PROBLEM TO WORK ON: The copy should hold exactly the lines below from the one that contains "Active Faults Sources" through the one that contains "Elvis impersonator show" and nothing else, so no pictures.

[GIVEN ENTRIES — start]

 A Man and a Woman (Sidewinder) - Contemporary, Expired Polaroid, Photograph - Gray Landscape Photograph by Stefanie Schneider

[GIVEN ENTRIES — finish]
[GIVEN ENTRIES — start]

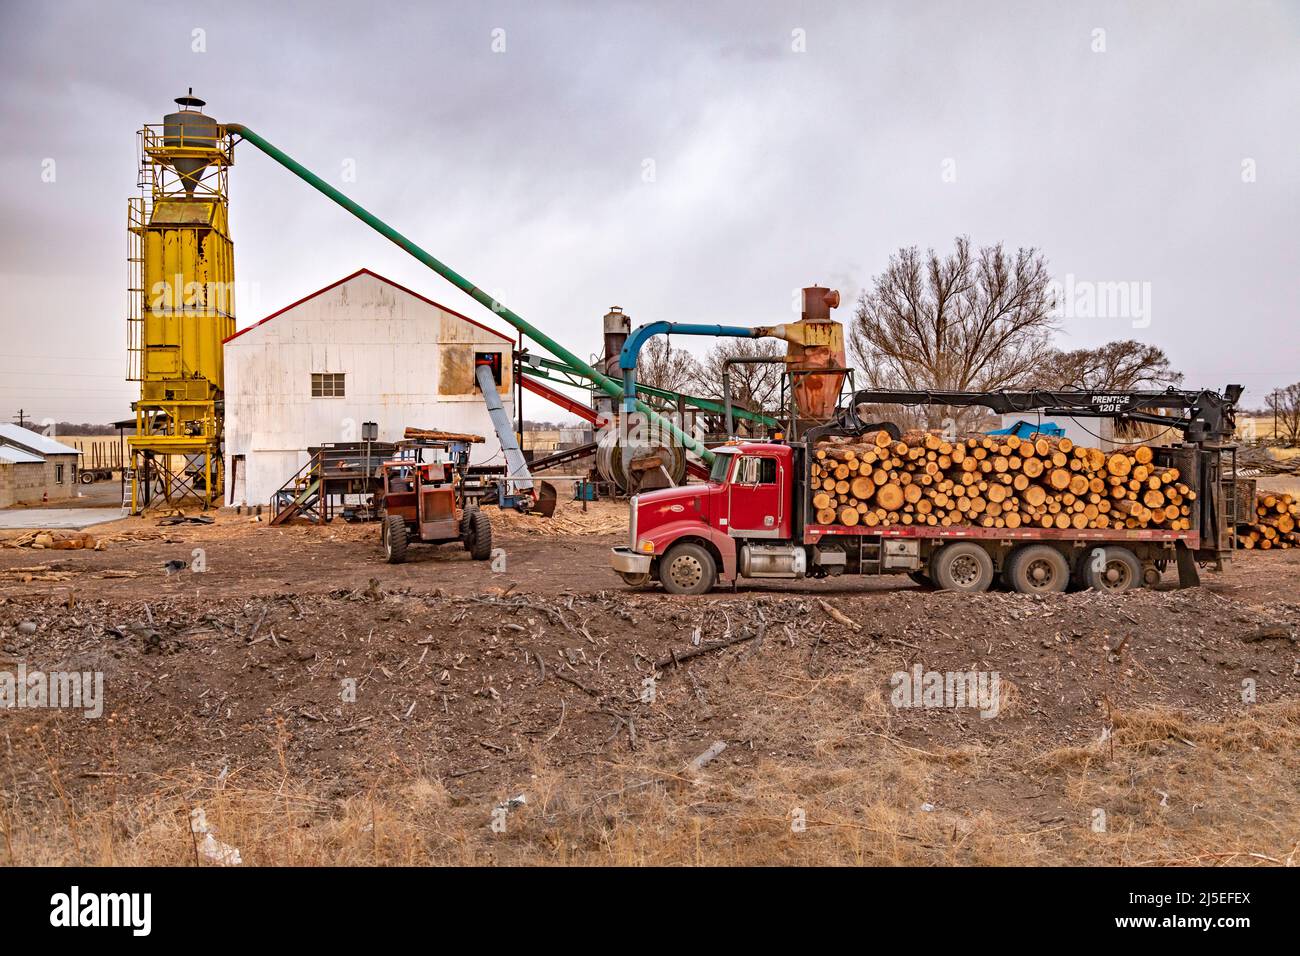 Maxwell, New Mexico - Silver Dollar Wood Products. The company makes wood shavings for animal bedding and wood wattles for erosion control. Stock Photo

[GIVEN ENTRIES — finish]
[GIVEN ENTRIES — start]

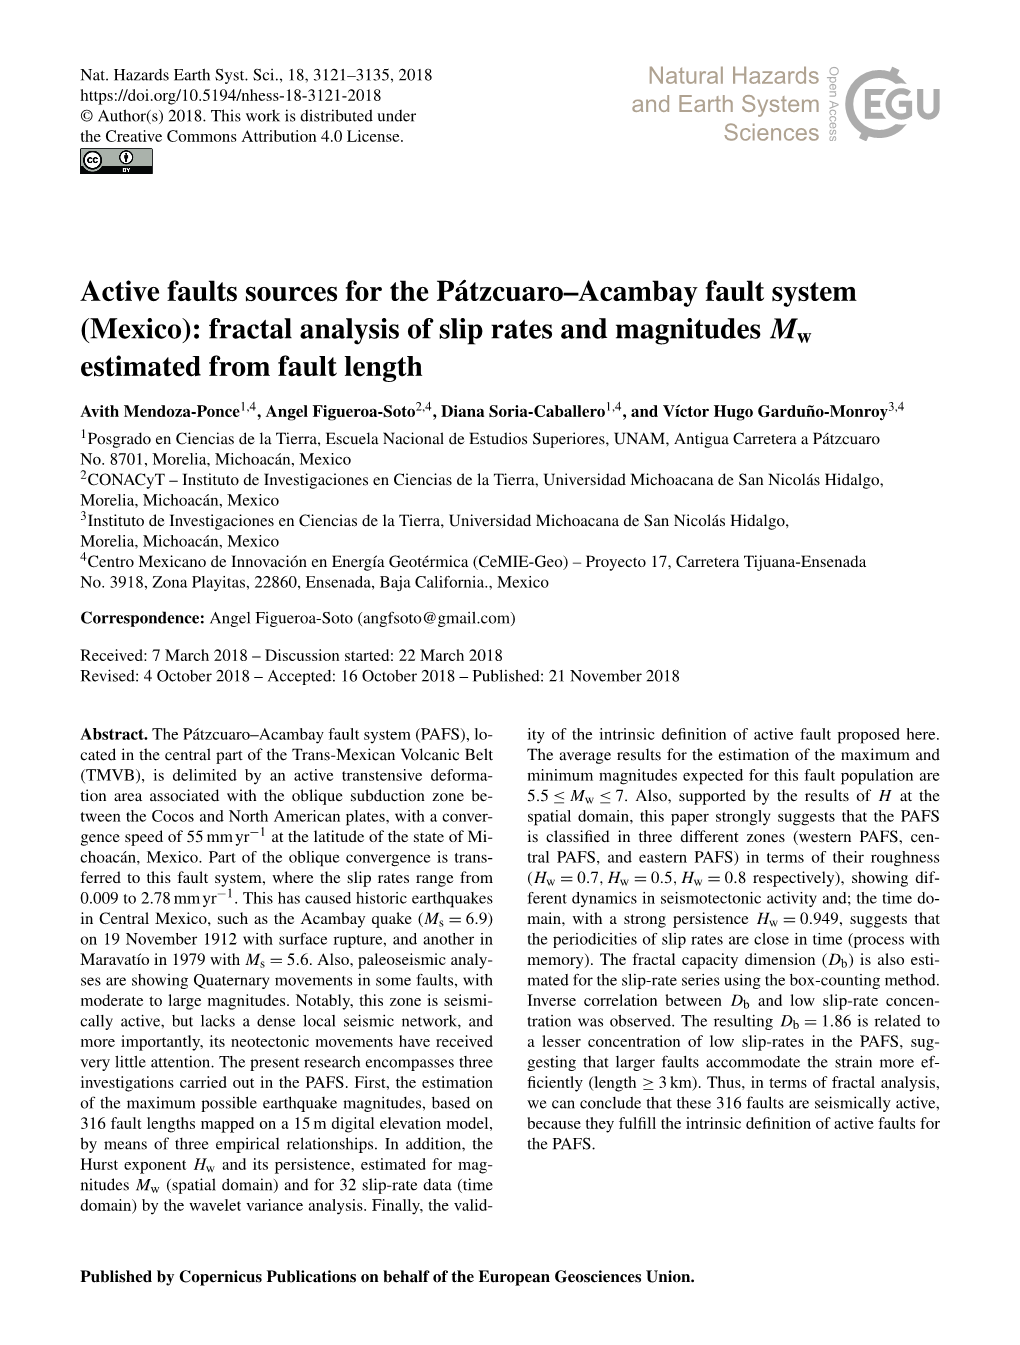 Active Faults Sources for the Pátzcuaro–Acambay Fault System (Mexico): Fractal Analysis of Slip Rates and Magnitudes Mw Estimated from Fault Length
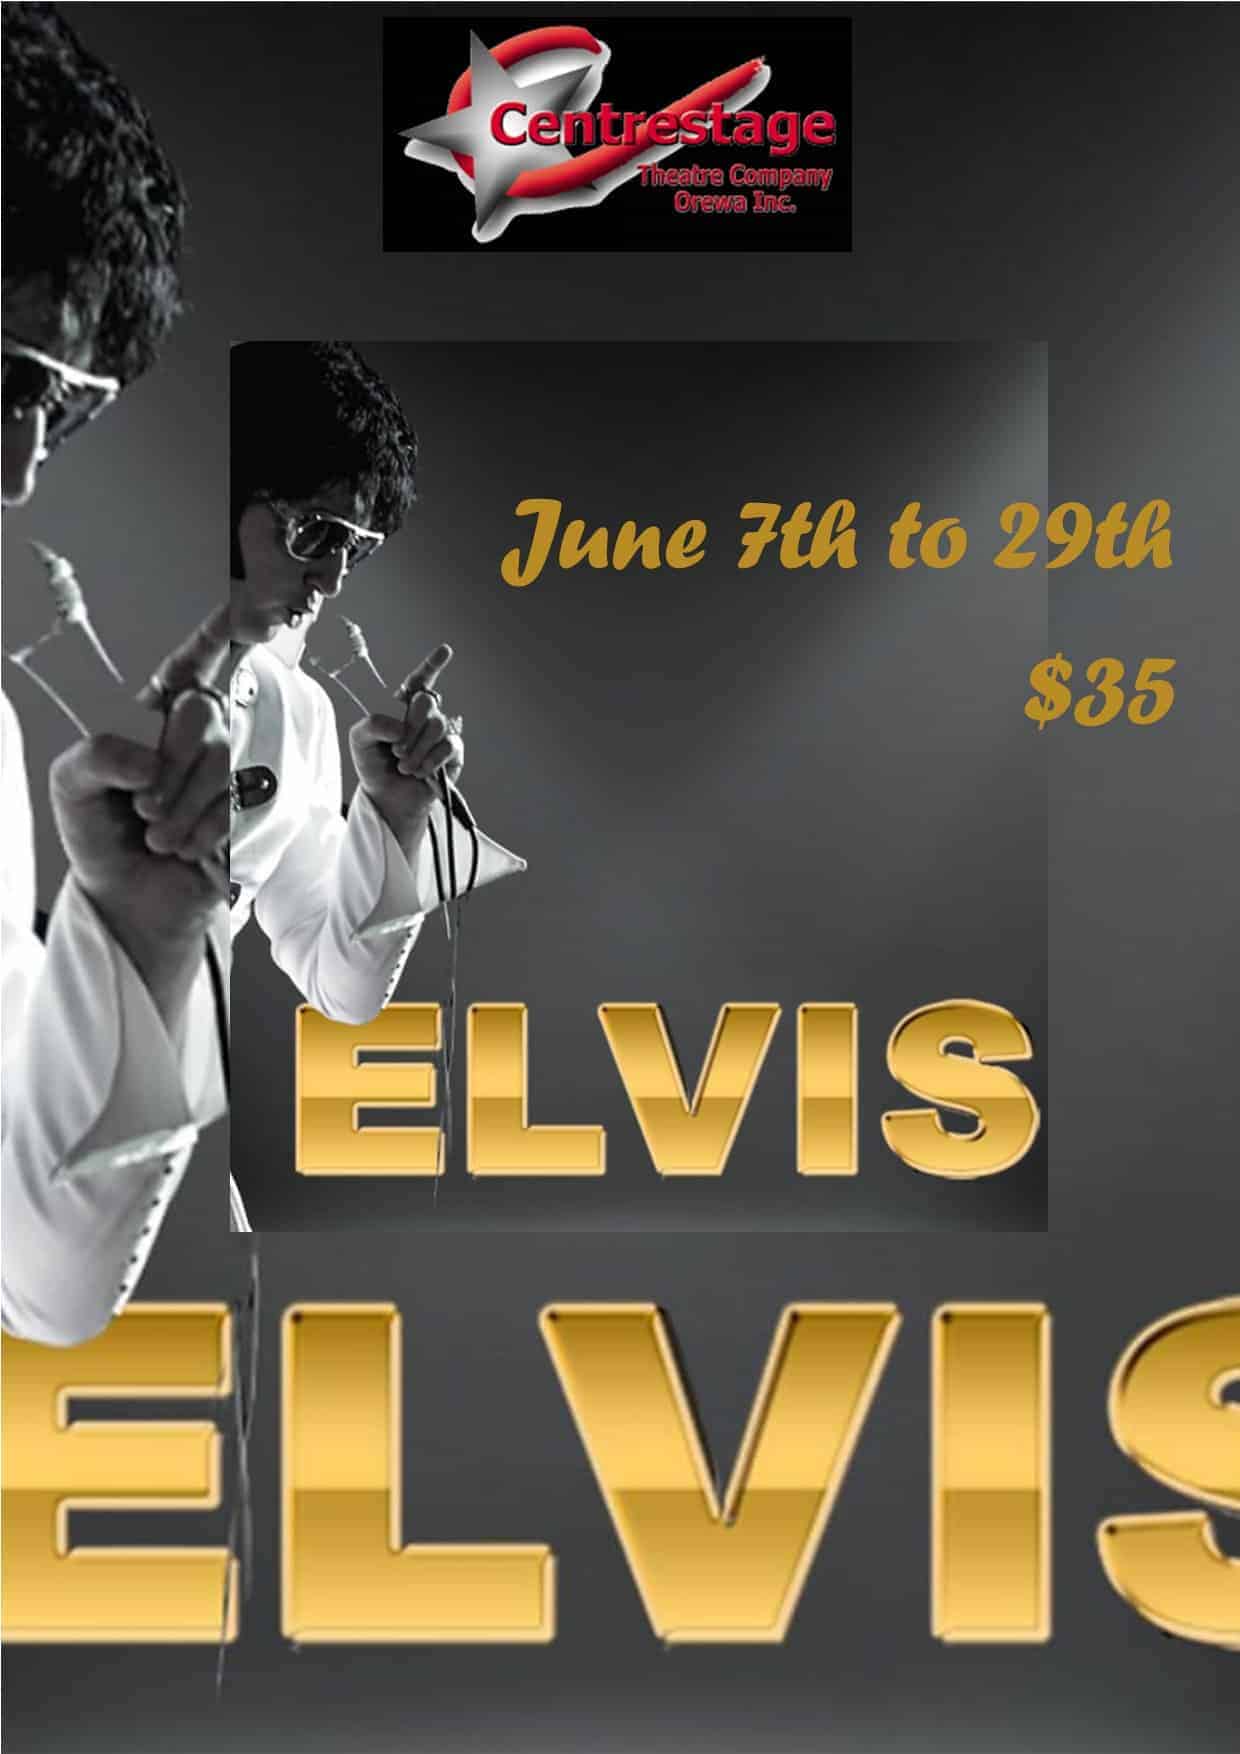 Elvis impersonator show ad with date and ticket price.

[GIVEN ENTRIES — finish]

ANSWER TO THE PROBLEM:
 Active Faults Sources for the Pátzcuaro–Acambay Fault System (Mexico): Fractal Analysis of Slip Rates and Magnitudes Mw Estimated from Fault Length
 Elvis impersonator show ad with date and ticket price.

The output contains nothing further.